Mechanical Behaviour Evaluation of Full Iron Tailings Concrete Columns under Large Eccentric Short-Term Loading

Round 1

Reviewer 1 Report

The article is a collection of interesting results.

The authors deliver results in large quantities, but what is lacking is to highlight what these results bring back that is innovative compared to what exists in the bibliography. Authors are encouraged to compare their results with other articles and therefore amend this version and propose a new one.

Author Response

Response to Reviewer #1

We appreciate the reviewer’s comments. We have modified the manuscript accordingly. The main changes are highlighted in the revised version. In the following, our responses are marked point by point by point in blue.

Comments to authors:

The article is a collection of interesting results.

The authors deliver results in large quantities, but what is lacking is to highlight what these results bring back that is innovative compared to what exists in the bibliography. Authors are encouraged to compare their results with other articles and therefore amend this version and propose a new one.

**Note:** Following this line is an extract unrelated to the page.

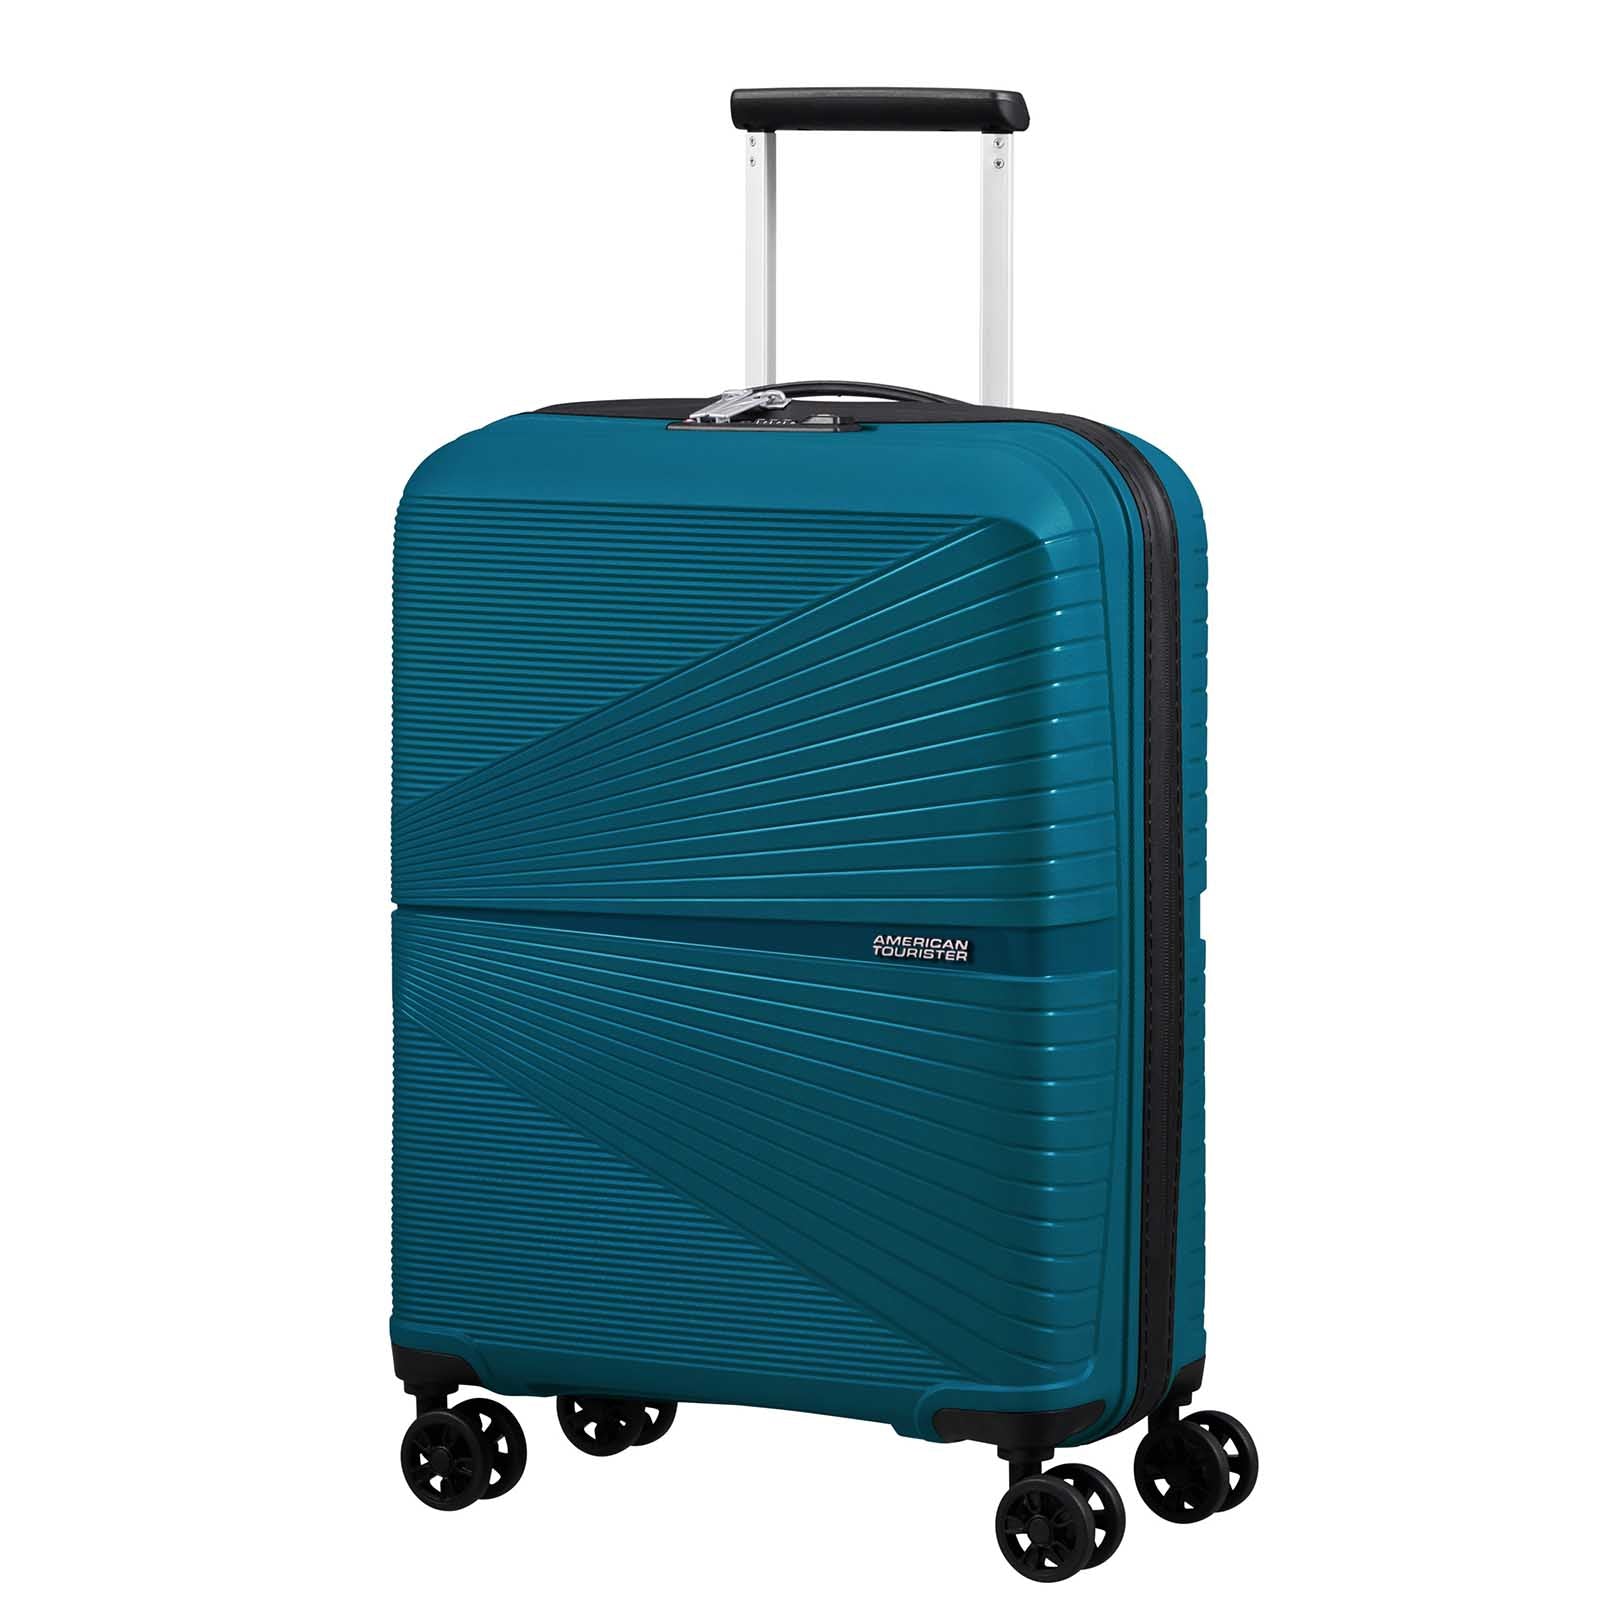 American-Tourister-Airconic-55cm-Carry-On-Suitcase-Deep-Ocean-Front-Angle

R: Thank you for the suggestion. We agree with this suggestion and the novelty and significance of the present have been highlighted in the last paragraph of the introduction section as follows:

The novelty of this study is the use of full iron tailings concrete (FITC), which was produced using iron tailings powder as an admixture, iron tailings gravel as a coarse aggregate and iron tailings sand as a fine aggregate. In addition, to the best of our knowledge, this is the first report in the literature to investigate the structural behaviour of FITRC columns under large eccentric loads. To comprehensively evaluate the characteristics and limitations of FITRC columns in order to provide a theoretical basis for the large-scale use of iron tailings. We believe that this study can be of practical significance to structural engineers in China.

 

In the results and discussion, we added one latest relevant reference on the mechanical behaviour of iron tailings reinforced concrete specimens, and compared the results of this study with those of two relevant references.

In section 3.1( Failure modes and crack propagation) of the manuscript, the reads as follows:

The failure modes of FITRC and CRC columns under large eccentric loads are essentially similar, and the failures of all specimens were manifested by longitudinal bar yielding in the tension zone, followed by concrete crushing in the compression zone (Figure 8). The eccentricity of the FITRC45 and CRC45 columns were 0.60 and those of the FITRC35 and CRC35 columns were 0.70. In a previous study [55], the eccentric compressive behaviour of iron tailings sand RC columns was investigated and similar results were obtained.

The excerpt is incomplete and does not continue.